Soneto de fidelidade


Amplamente veiculado na mídia, o tema da fidelidade partidária suscitou-me uma reflexão; a fidelidade a determinados botequins.

Tem bares que são a fidedigna extensão do nosso lar. Existe uma reciprocidade, você elege o bar e este o acolhe.

Sabe aquele bar que você tem cadeira cativa? Aparece na porta e o garçom já traz a marca preferida, o tipo de copo habitual, a iguaria comumente pedida.

A presença suprime a palavra.

Tem bares que imortalizam a cadeira ou a mesa de ilustres frequentadores assíduos. E quando utilizo a palavra ilustre, não é para me referir a celebridades ou coisa parecida. São pessoas eminentes no cotidiano peculiar do botequim.

Paulo Mendes Campos, um dos melhores cronistas brasileiros, escreveu numa crônica que, "o mundo está sempre a ganhar da gente, de um a zero, dois a zero... Bebe-se na esperança de igualar o marcador".

Asseguro que, além do ato de beber, também é de suma importância, saber onde beber. Reside aí o segredo da fidelidade ao botequim reverenciado. Quando encontramos o nosso, não só igualamos, como ultrapassamos o marcador existencial.

Tenho um amigo que era umbilicalmente ligado a um bar. Sacralizava o botequim. Batia cartão.

Sua cantilena era assim, "às pessoas que eu detesto, diga sempre que eu não presto, que meu lar é o botequim". No final emendava o nome do bar, na bela canção do mestre Noel Rosa. 

Depois de um ano de casado, a esposa, cansada da prosopopéia etílica e do seu soneto de fidelidade ao botequim, fez um ultimato.

Ou ela ou o botequim.

A história desse amigo me faz lembrar uma crônica do Carlos Heitor Cony.

"Um caminhoneiro mandou gravar no pára-choque de seu veículo o refrão da marchinha de um Carnaval passado: ""Eu quero é rosetar". Num domingo, entrou numa cidadezinha à hora em que autoridades e povo saíam da missa das 10 horas.

Foi um escândalo.
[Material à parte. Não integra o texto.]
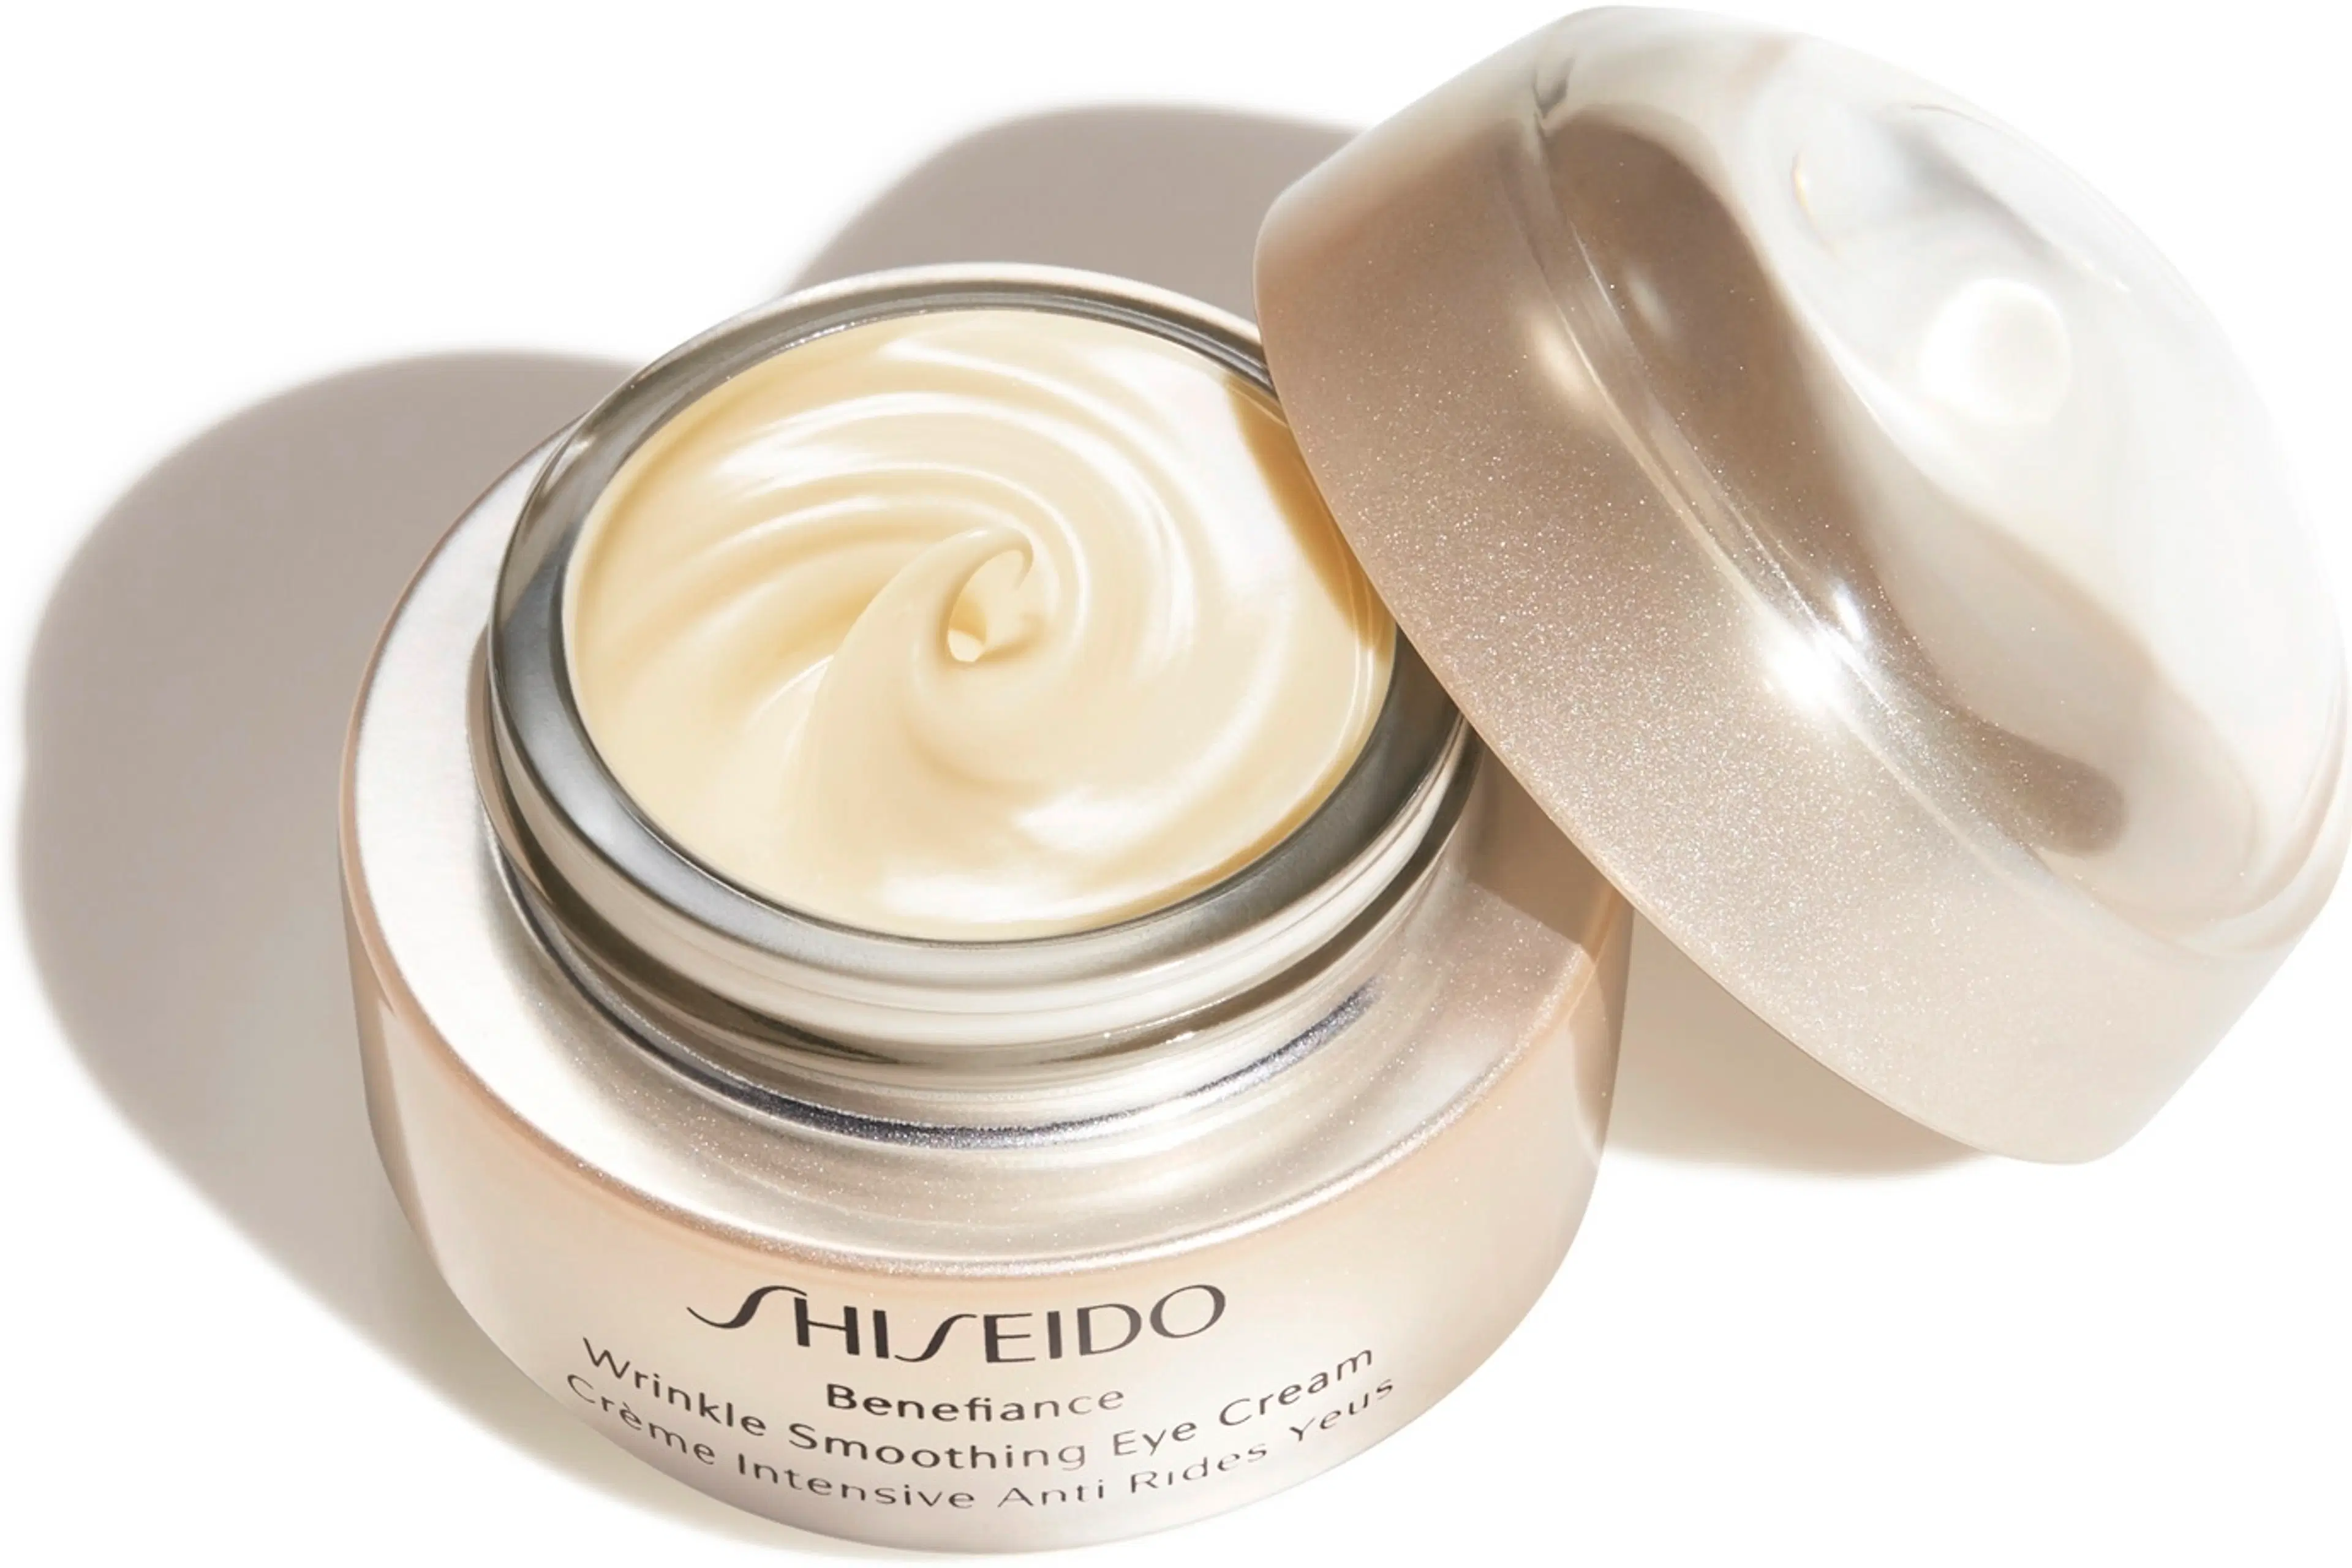 Shiseido Benefiance Wrinkle Smoothing Eye Cream silmänympärysvoide 15 ml
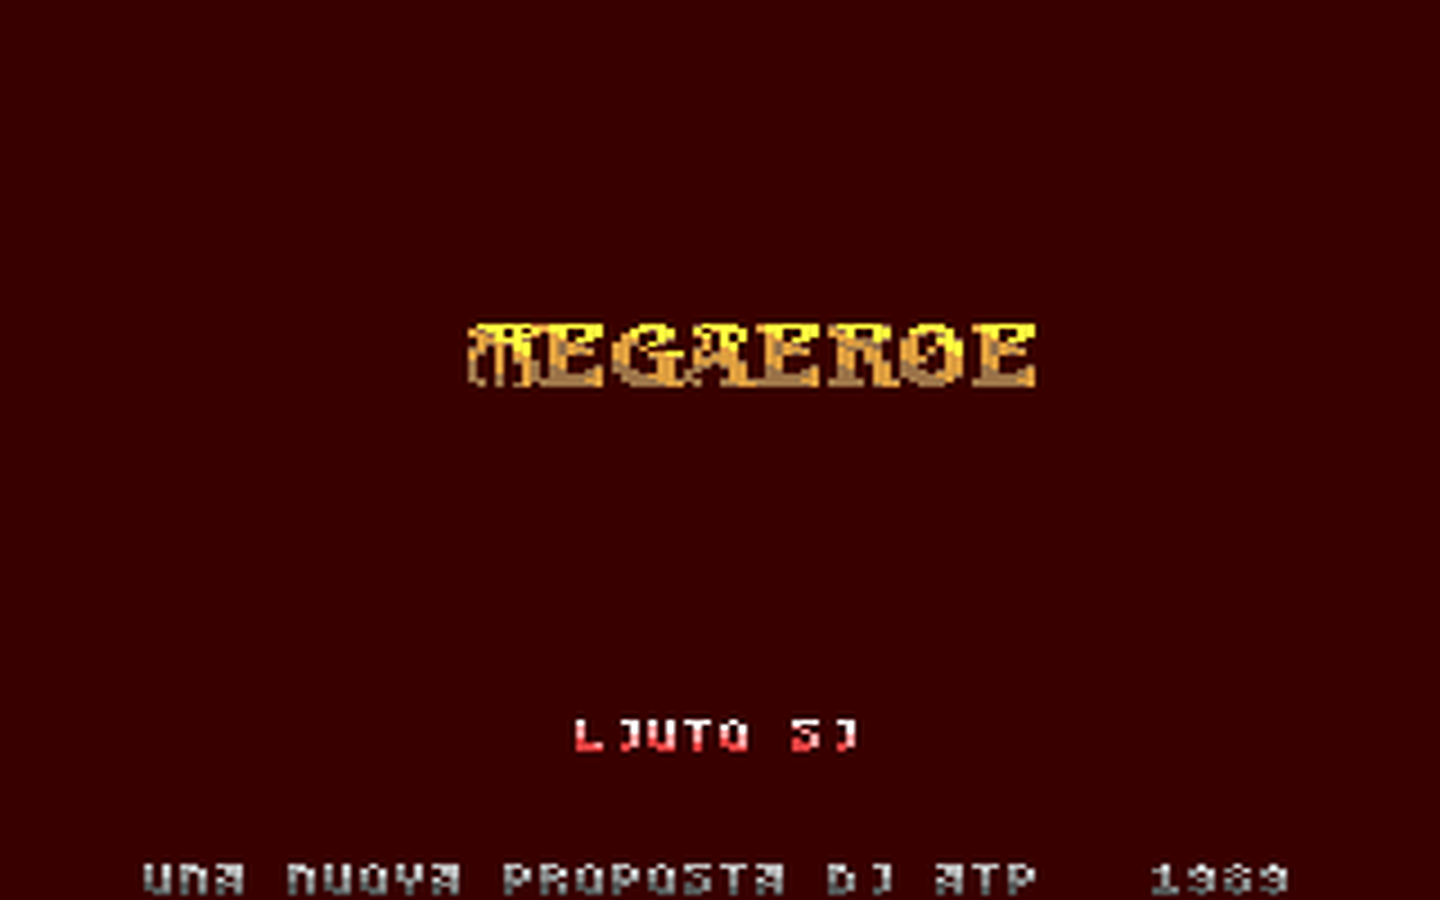 C64 GameBase Megaeroe Edigamma_S.r.l./Super_Game_2000_Nuova_Serie 1989

Uma comissão de moradores, formada pelo vigário, o delegado, o boticário, o poeta local e o filósofo também local, procurou o caminhoneiro e pediu que ele apagasse aquela obscenidade. A cidade era pequena, porém virtuosa, não podia ser agredida por apelo a tamanha pouca-vergonha.

O caminhoneiro podia argumentar que a frase no pára-choque não era indecente, muito menos uma convocação ao pecado. Para evitar discussão ou briga, prometeu que mandaria apagar aquele pomo de discórdia.
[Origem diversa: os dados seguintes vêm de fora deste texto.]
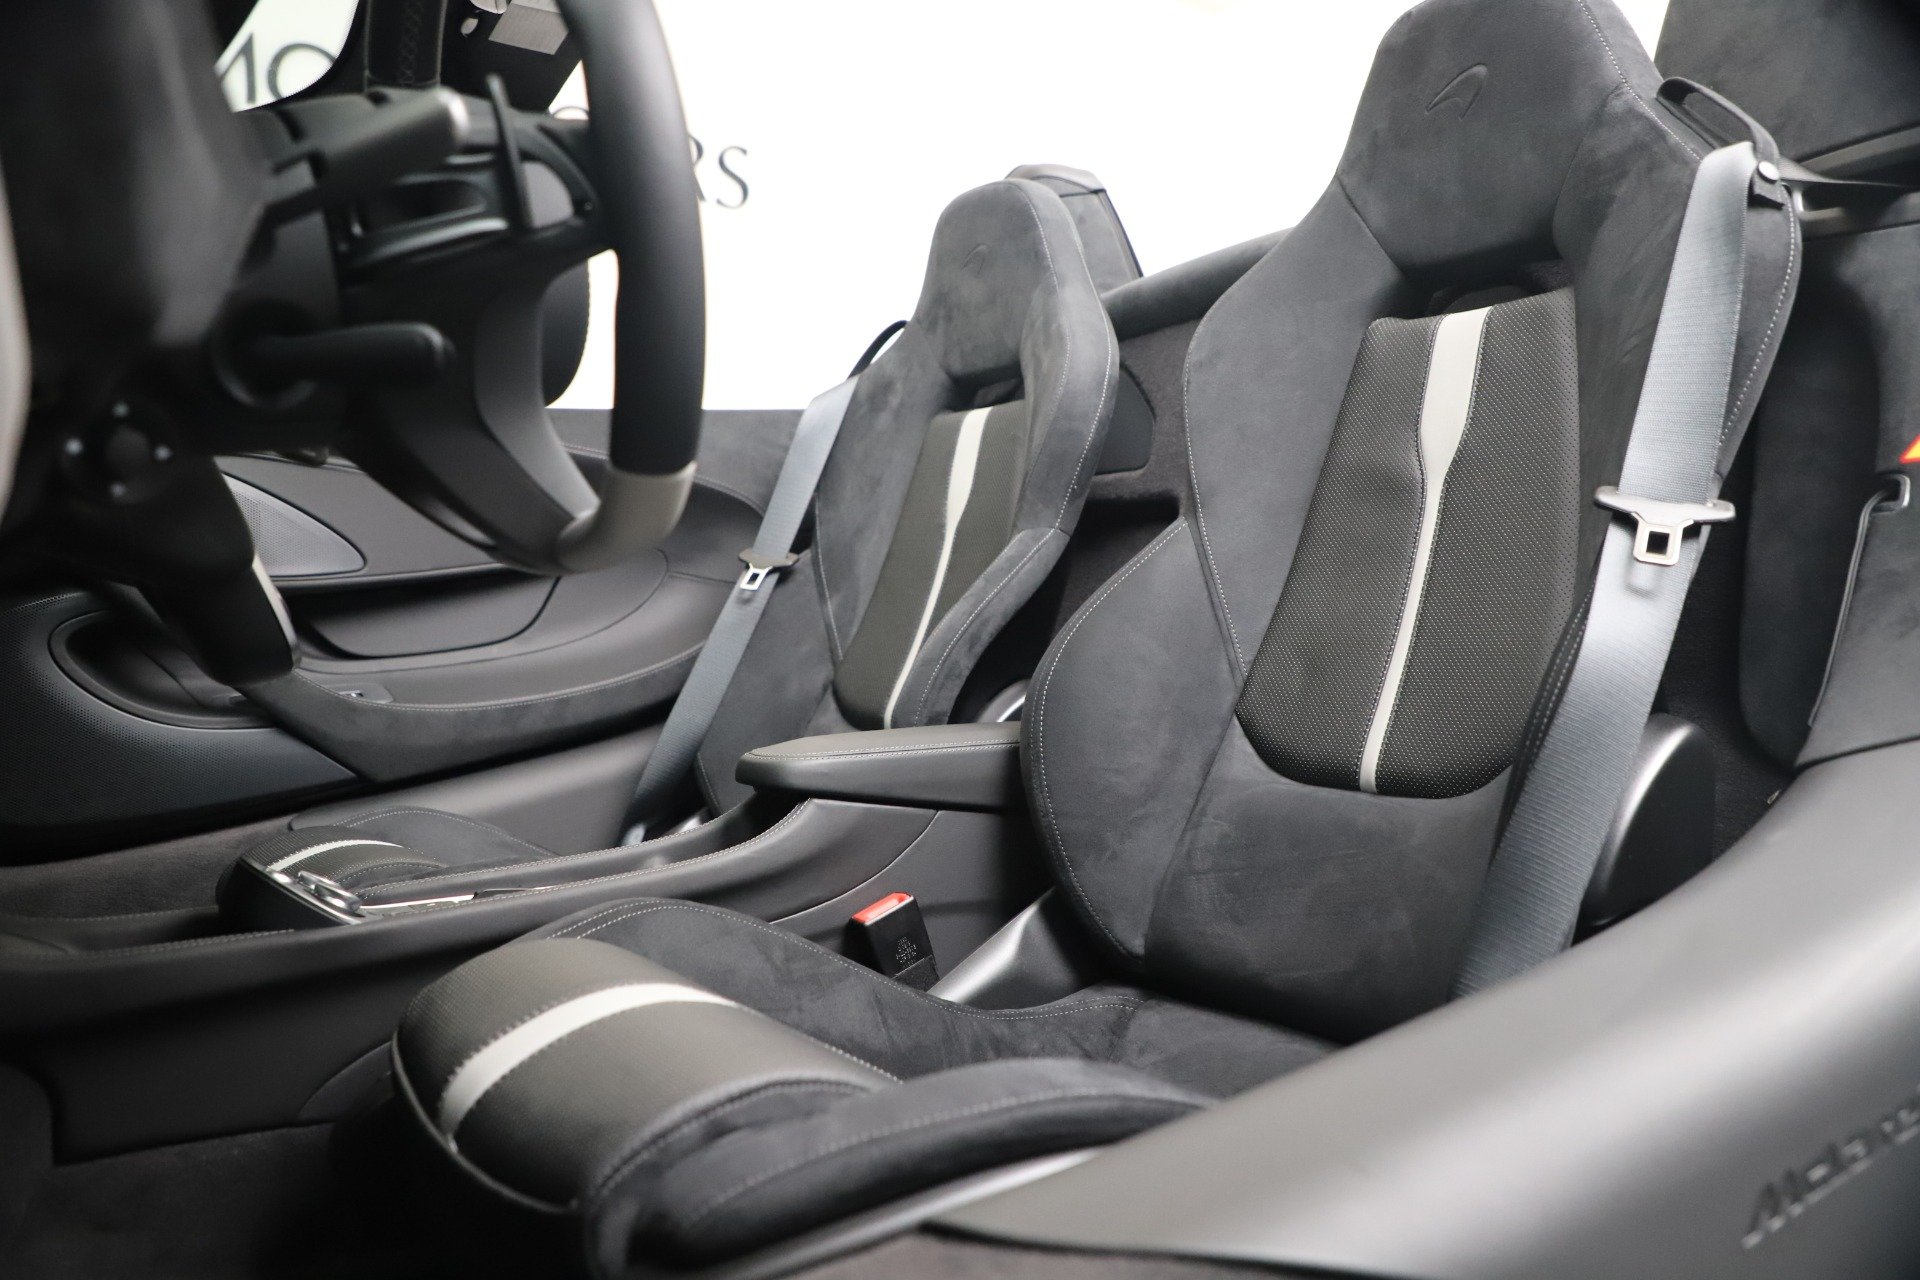 McLaren 570 interior - Seats

Semanas depois, o mesmo caminhão entrou ovante pela cidade. O povo saía da missa e leu no mesmo pára-choque: ""Continuo querendo"."

Enfim, todo esse rodeio, para chegar novamente no meu amigo.

Ele preferiu a esposa e abandonou o bar, o seu segundo lar. Só que no seu âmago, "continua querendo", voltar ao botequim predileto.

E vocês, meus caros, qual o botequim eleito dos deuses?

Qual boteco você declamaria o seu soneto de fidelidade?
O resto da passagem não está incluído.